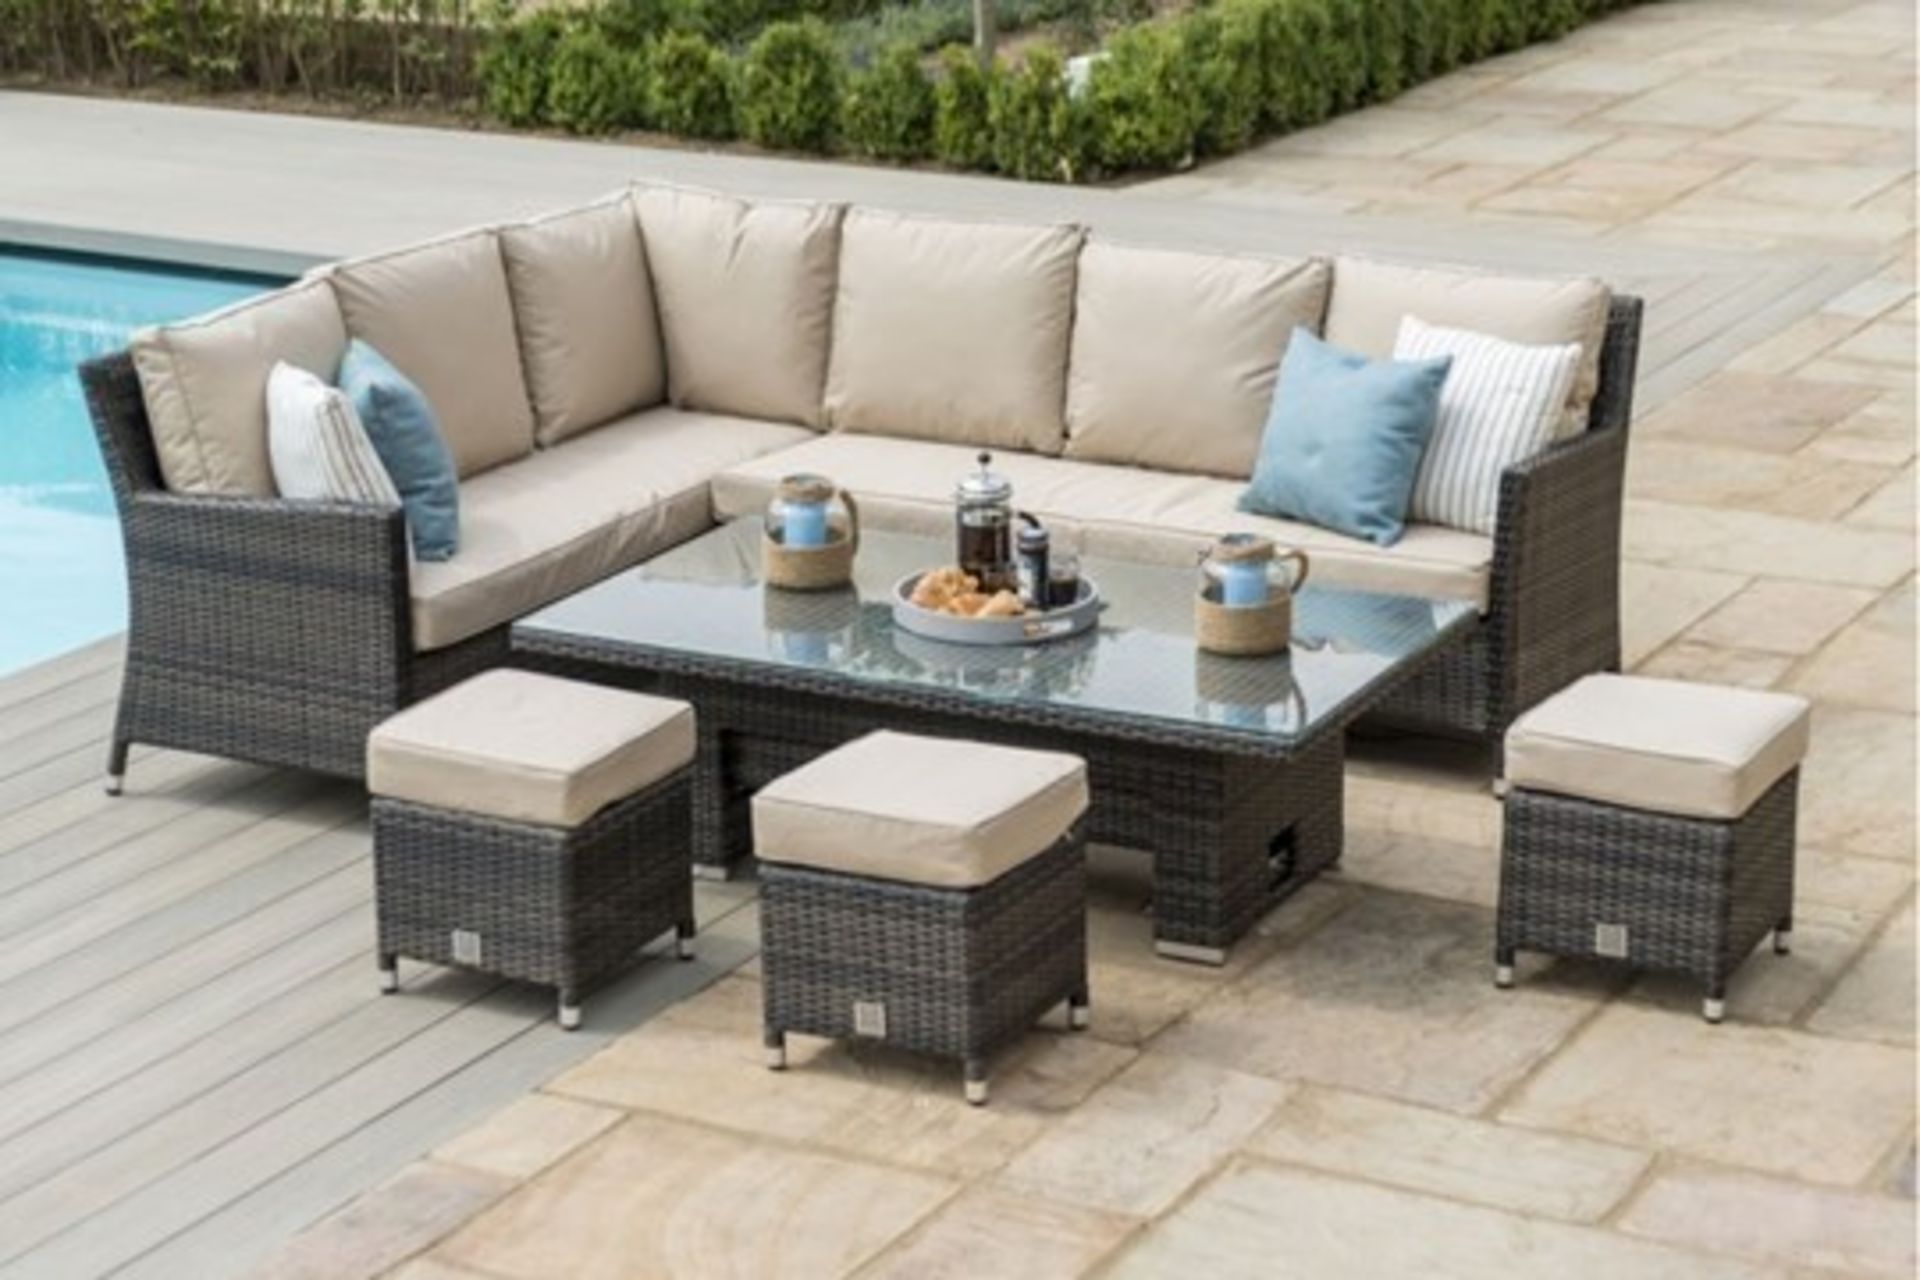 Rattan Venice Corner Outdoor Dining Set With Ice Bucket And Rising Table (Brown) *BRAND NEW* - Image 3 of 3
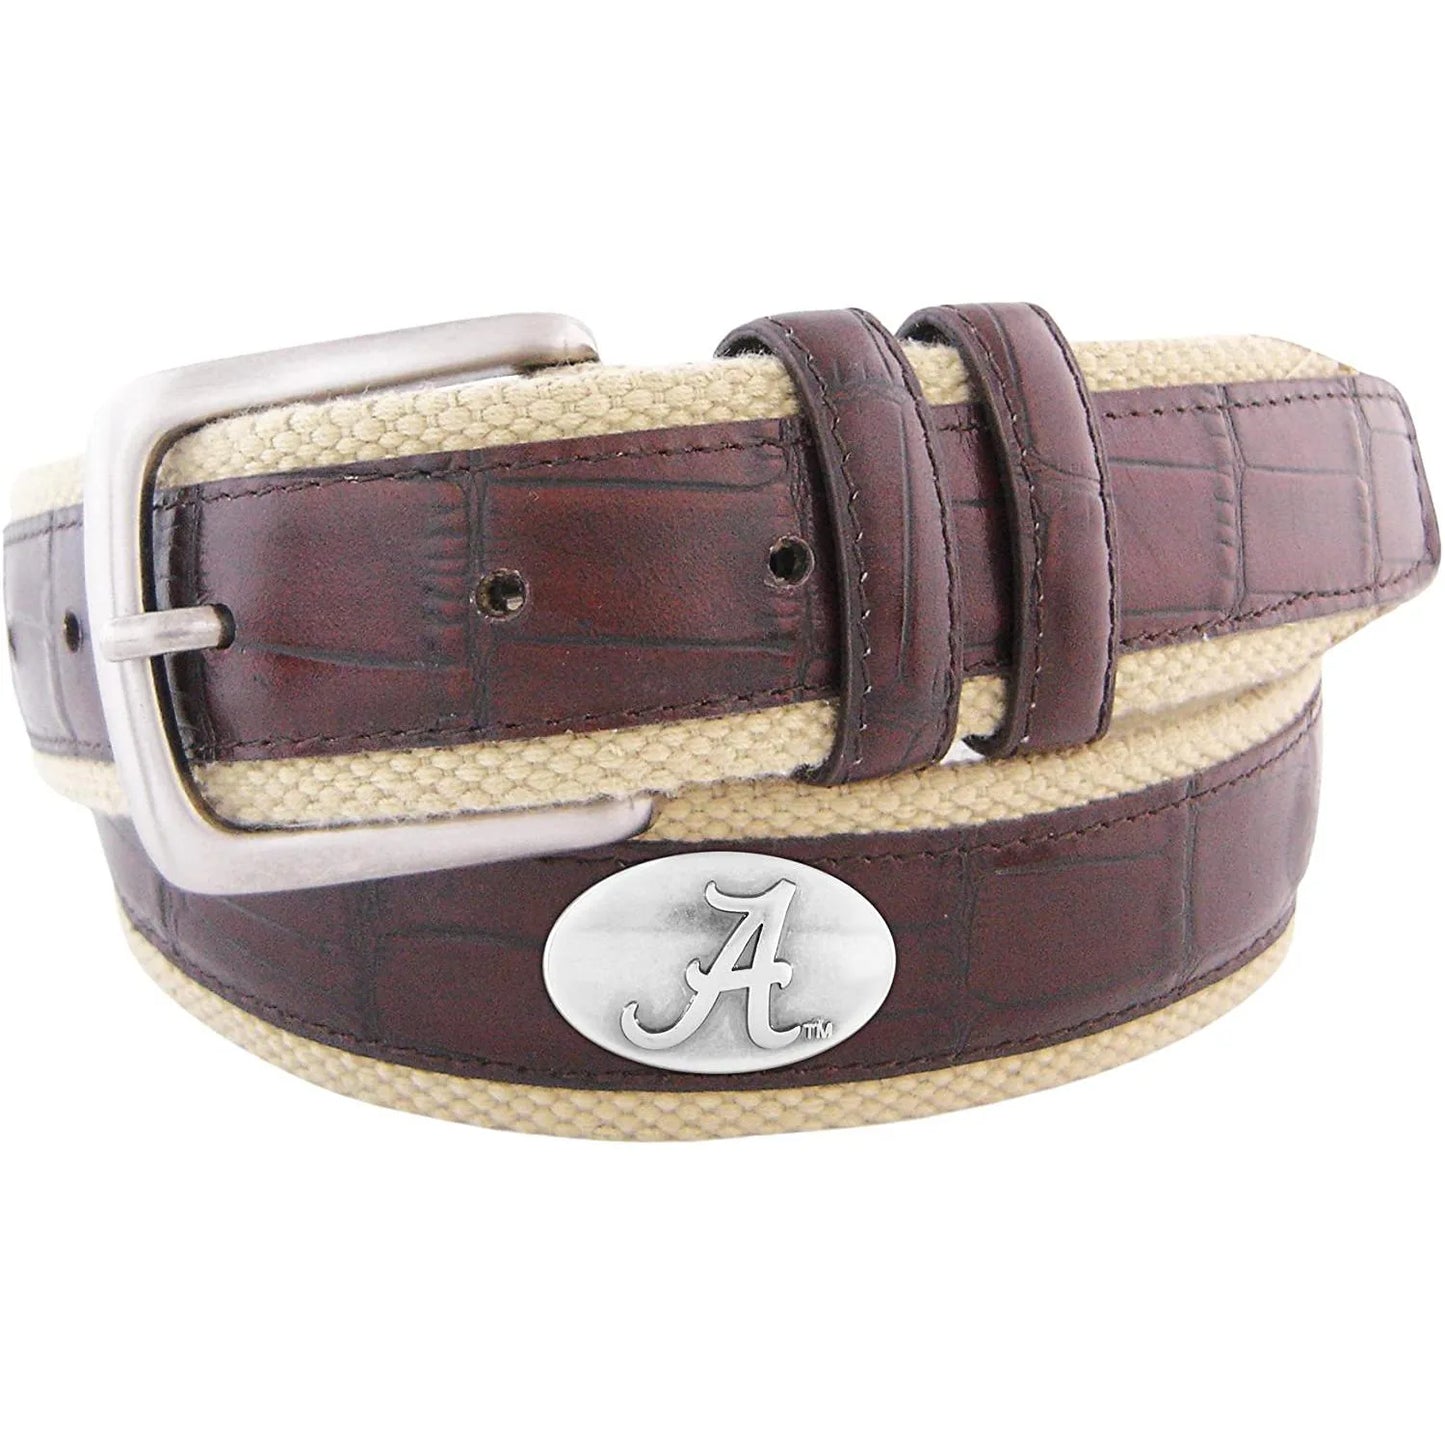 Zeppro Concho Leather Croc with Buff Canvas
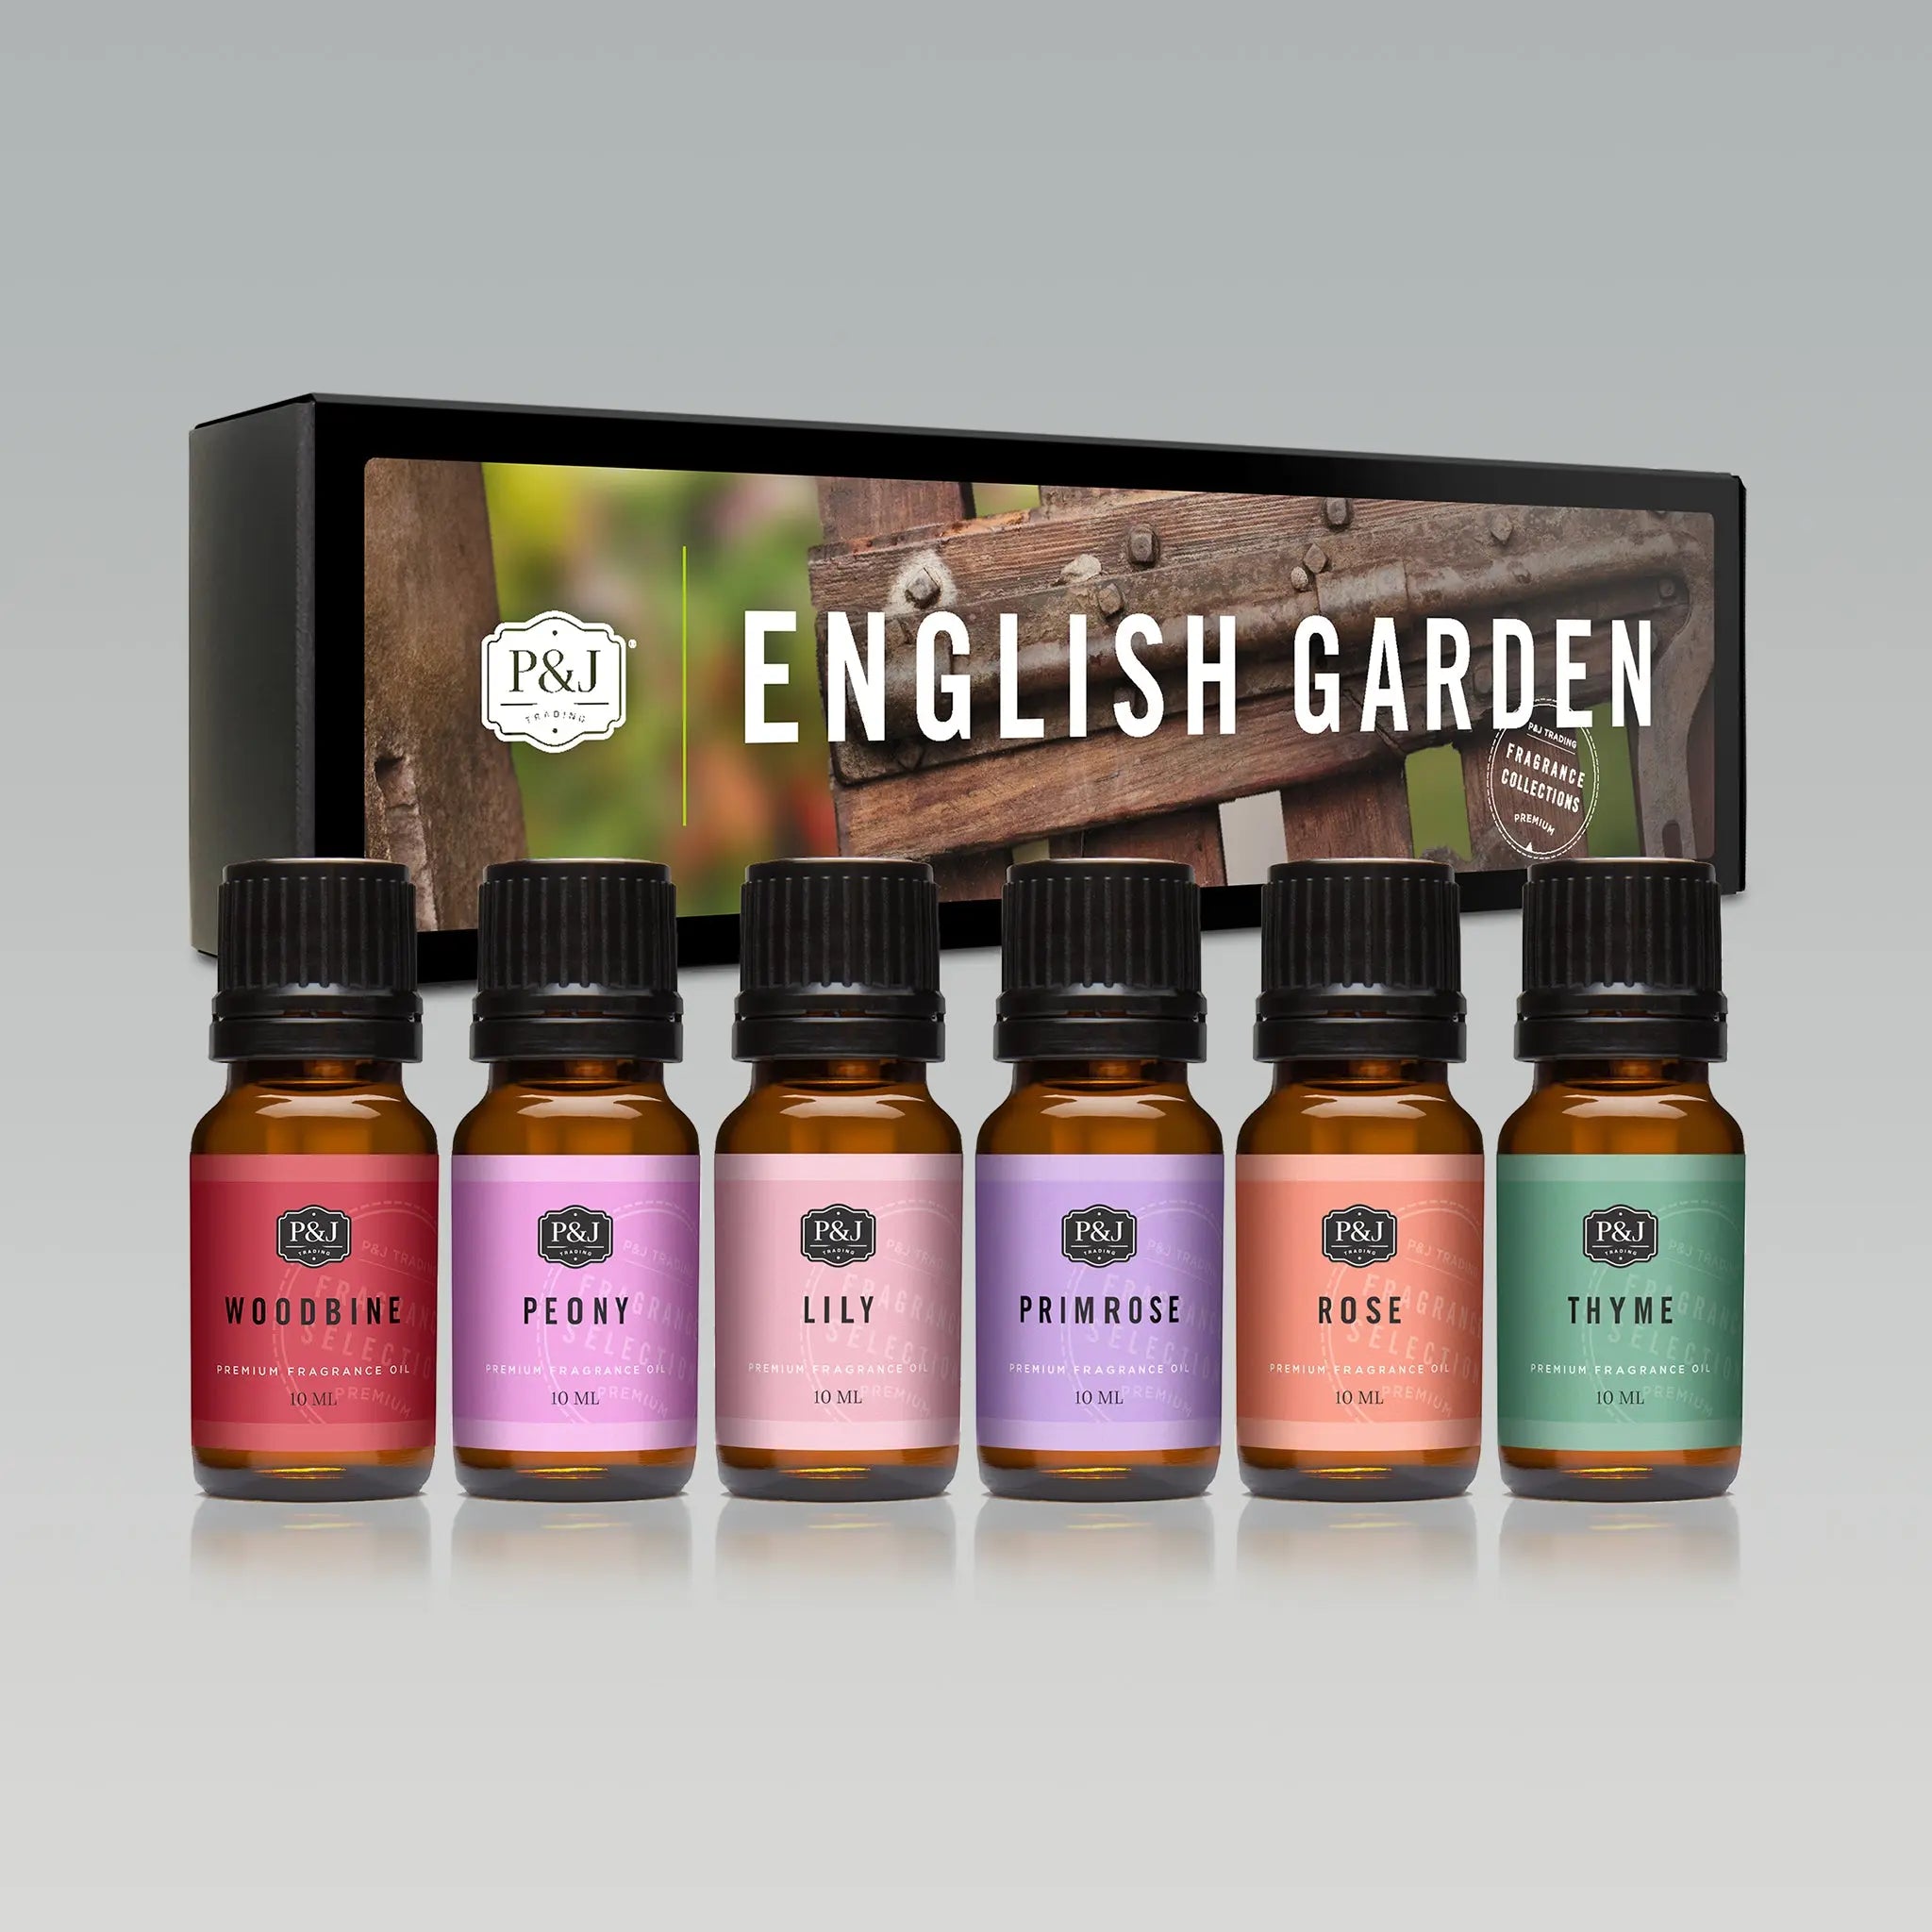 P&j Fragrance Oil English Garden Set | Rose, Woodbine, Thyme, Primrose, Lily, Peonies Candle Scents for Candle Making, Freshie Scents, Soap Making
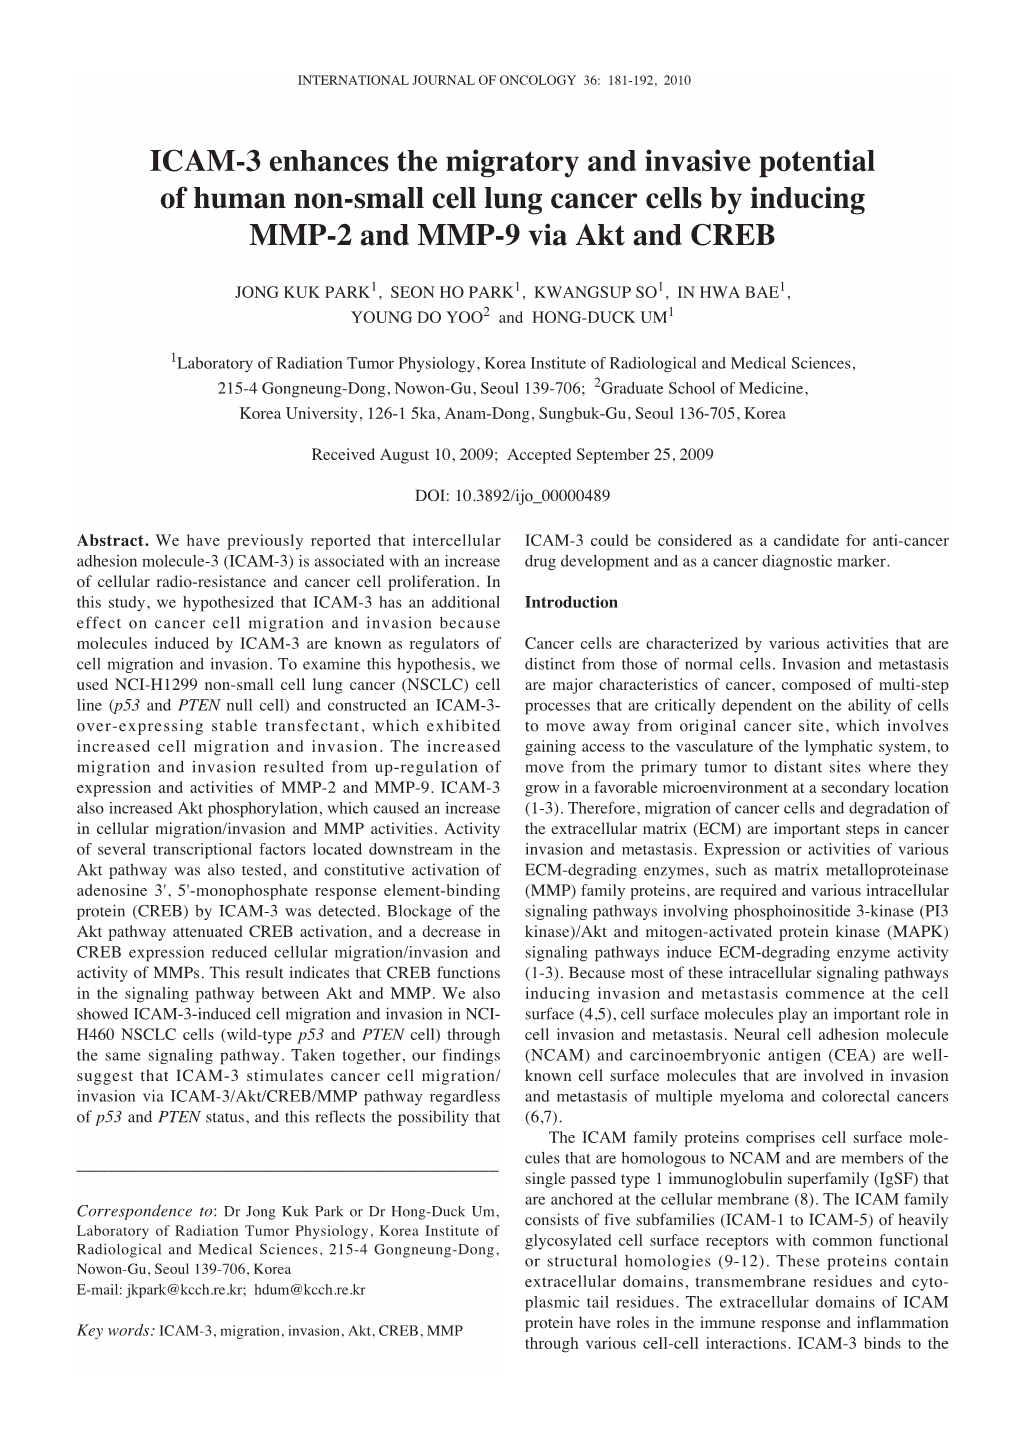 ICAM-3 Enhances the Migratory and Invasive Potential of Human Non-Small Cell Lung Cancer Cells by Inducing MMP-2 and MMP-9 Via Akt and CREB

════════════════════

§ **Activity**: Restate all of the material word for word. Keep out every picture.

§ **Problem solution**:
 Rattan Venice Corner Outdoor Dining Set With Ice Bucket And Rising Table (Brown) *BRAND NEW* - Image 3 of 3
 Zeppro Concho Leather Croc with Buff Canvas
 P&j Fragrance Oil English Garden Set | Rose, Woodbine, Thyme, Primrose, Lily, Peonies Candle Scents for Candle Making, Freshie Scents, Soap Making
 ICAM-3 Enhances the Migratory and Invasive Potential of Human Non-Small Cell Lung Cancer Cells by Inducing MMP-2 and MMP-9 Via Akt and CREB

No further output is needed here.